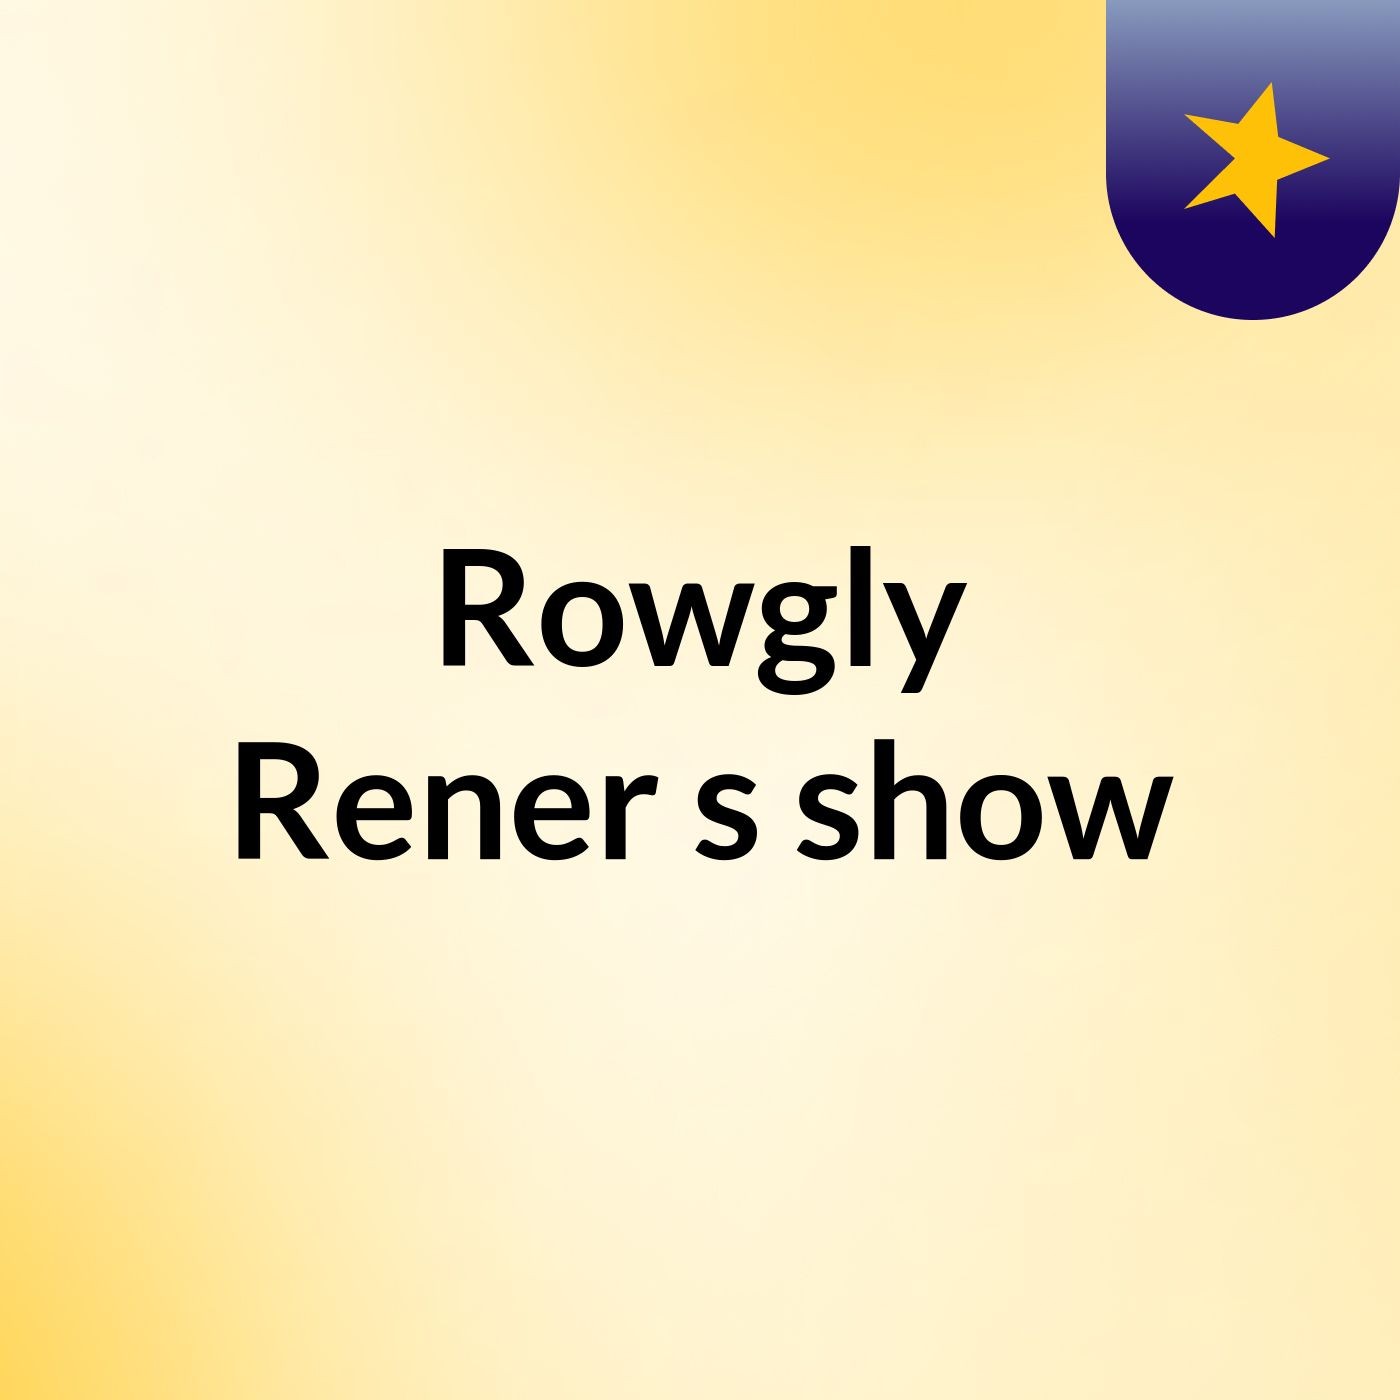 Rowgly Rener's show
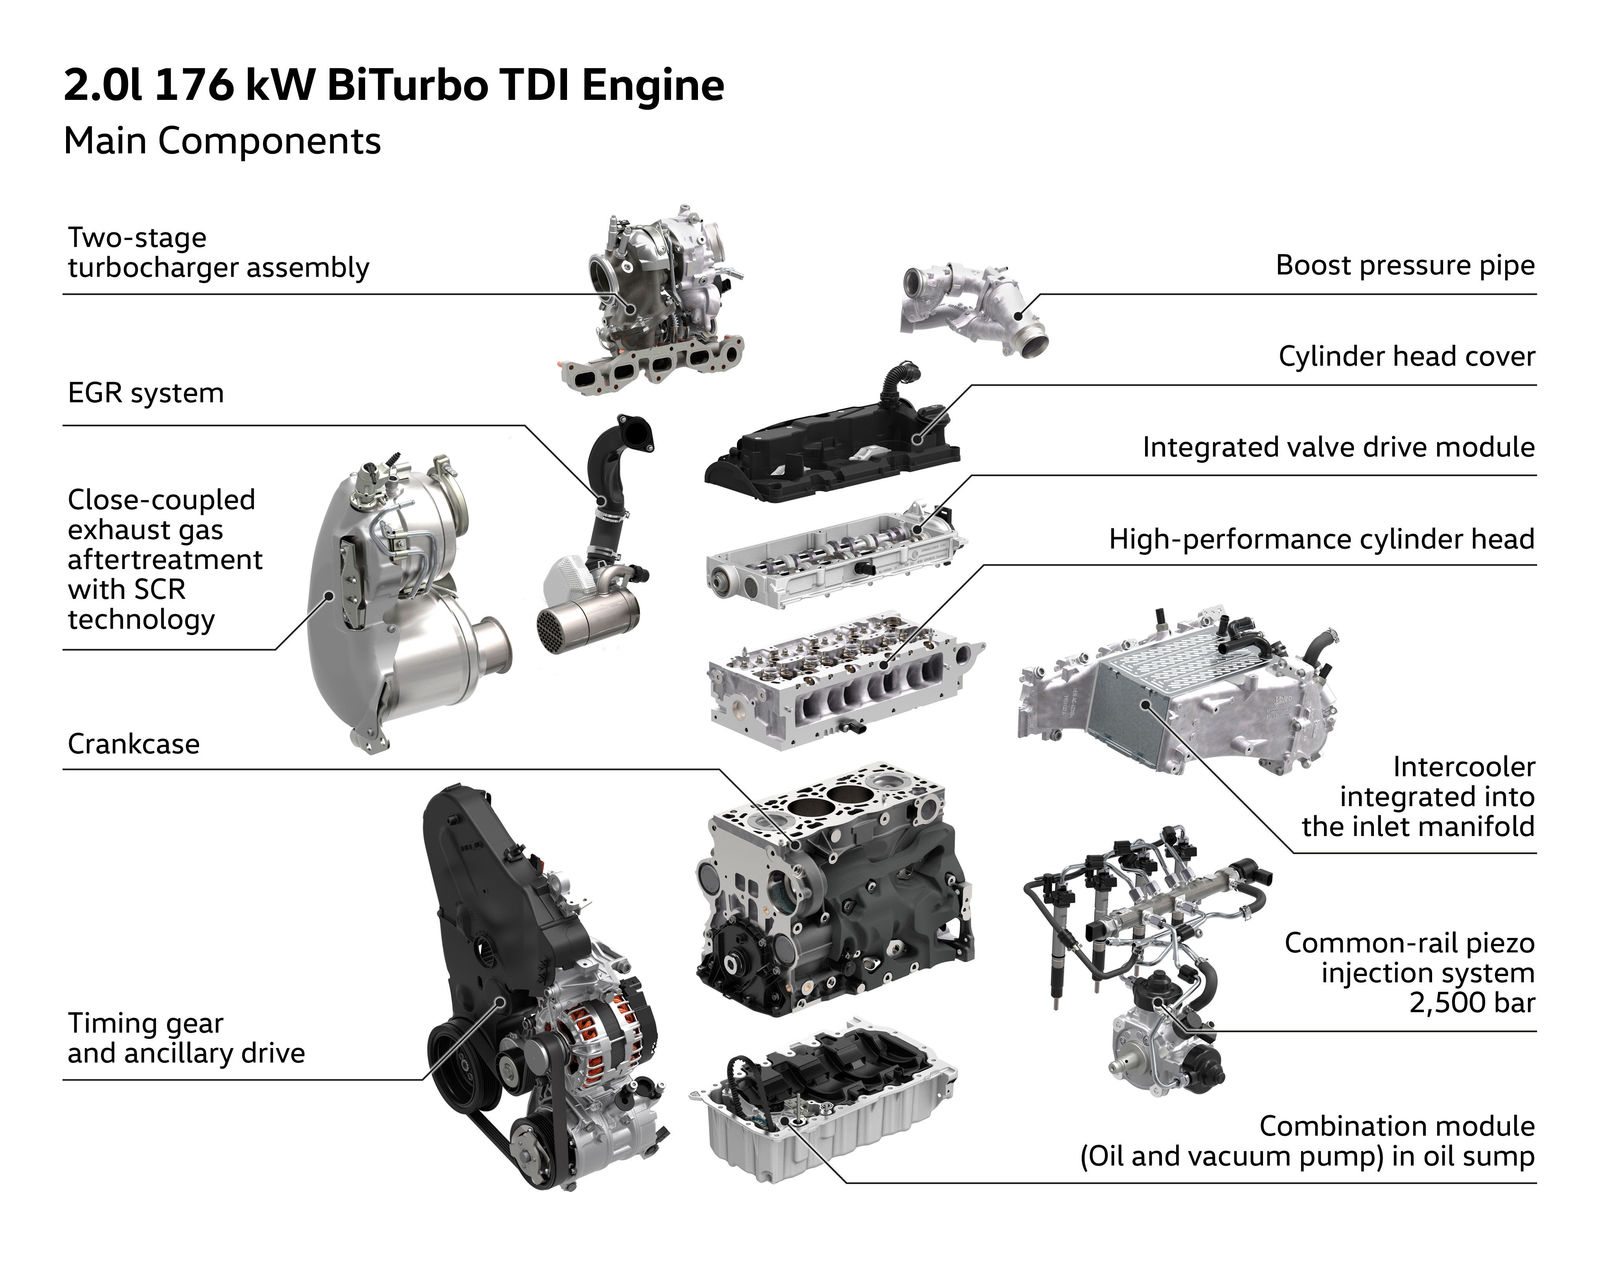 2.0 TDI Biturbo engine with 176 kW / 240 PS
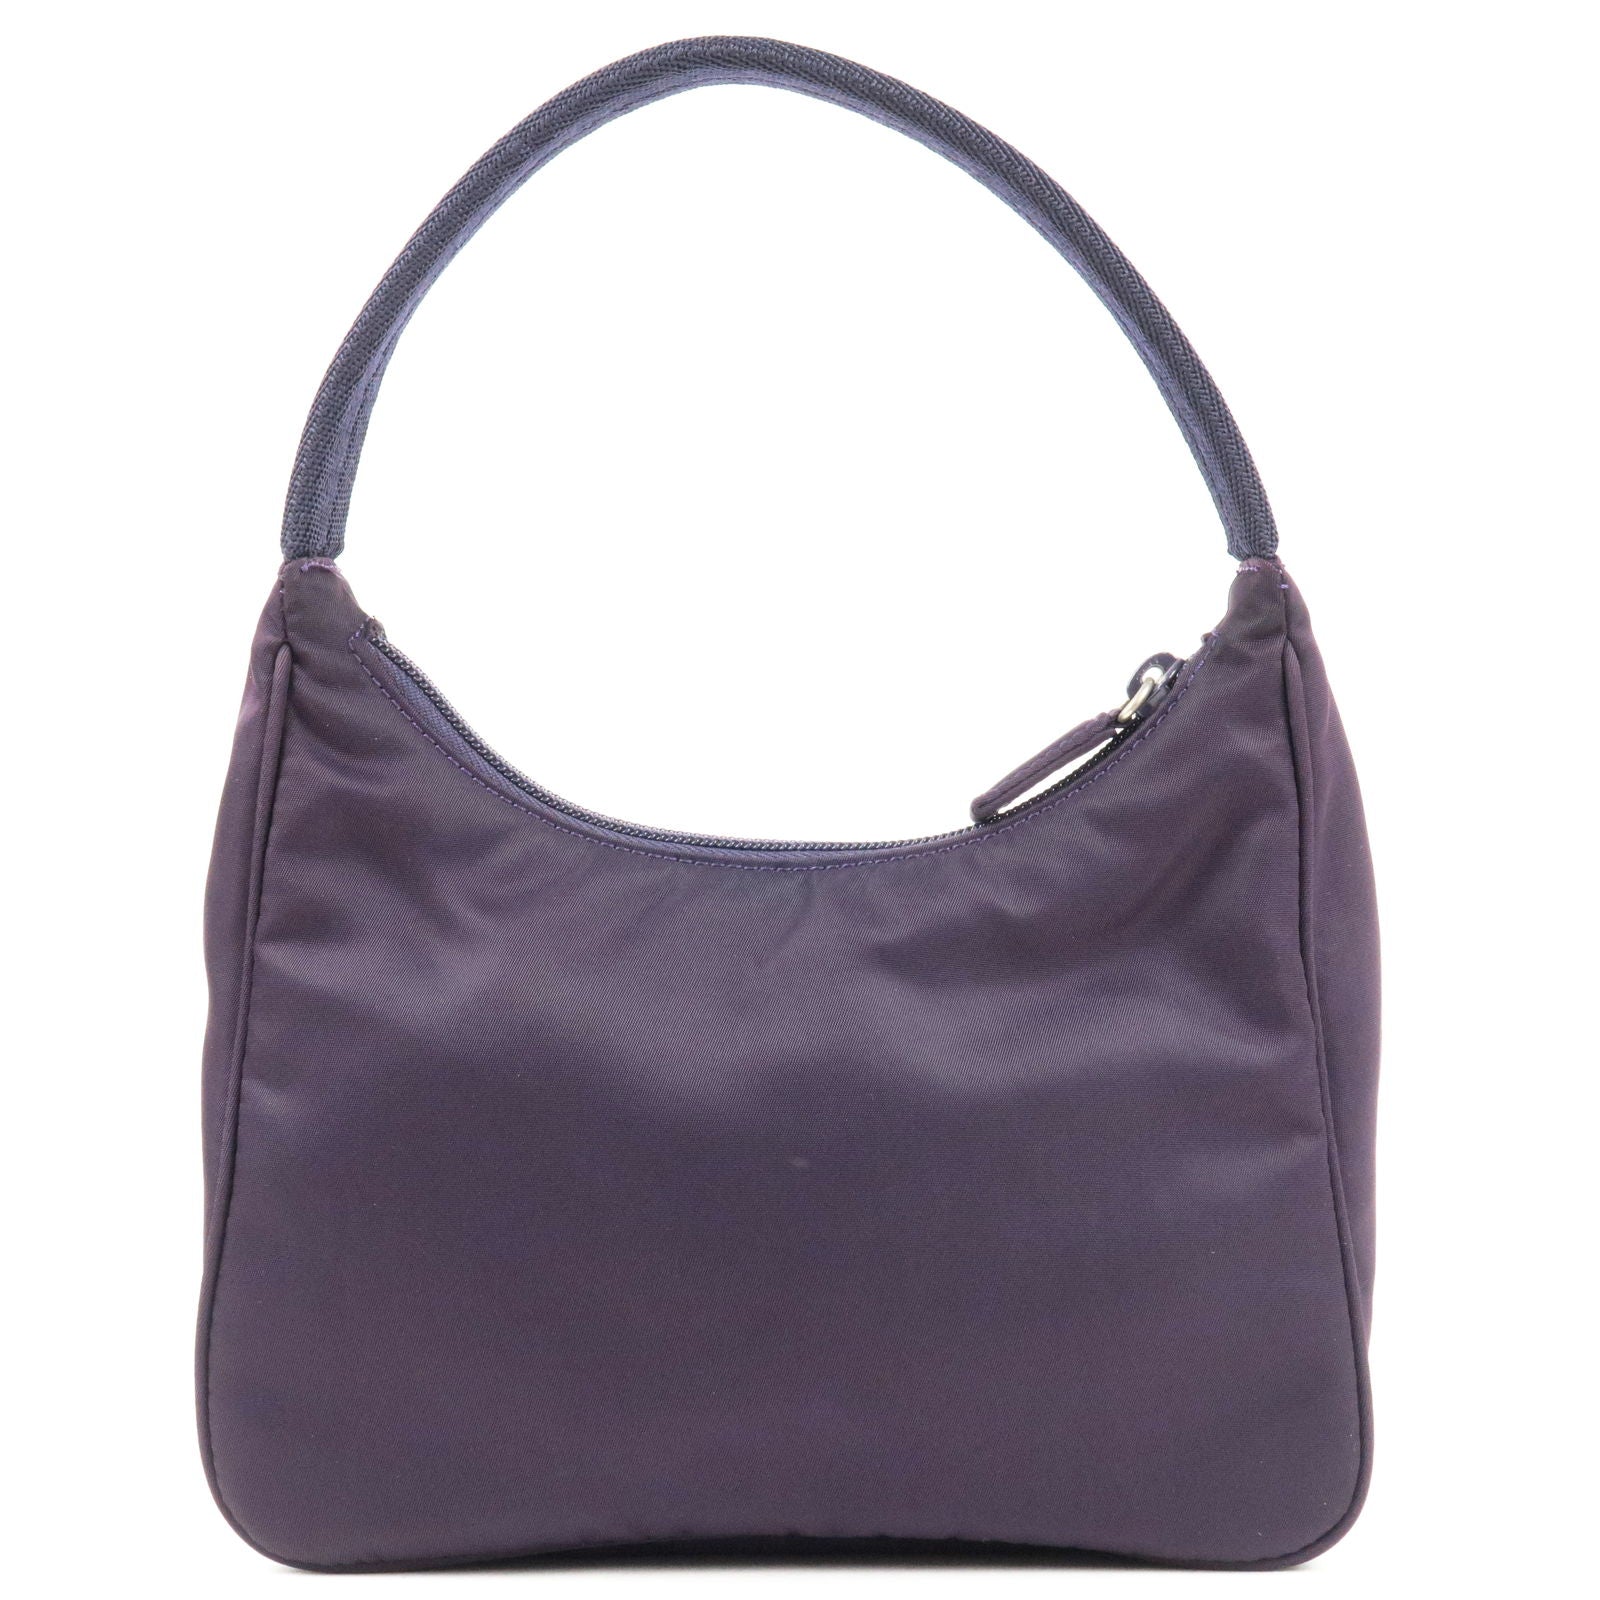 Prada Vitello Daino Tote Melanzana Bag - Purple - Pre-owned | eBay

**EXERCISE**:
Transcribe the listing verbatim, pictures excluded.

**EXERCISE RESULT**:
 Rowgly Rener's show
 2.0 TDI Biturbo engine with 176 kW / 240 PS
 Prada Vitello Daino Tote Melanzana Bag - Purple - Pre-owned | eBay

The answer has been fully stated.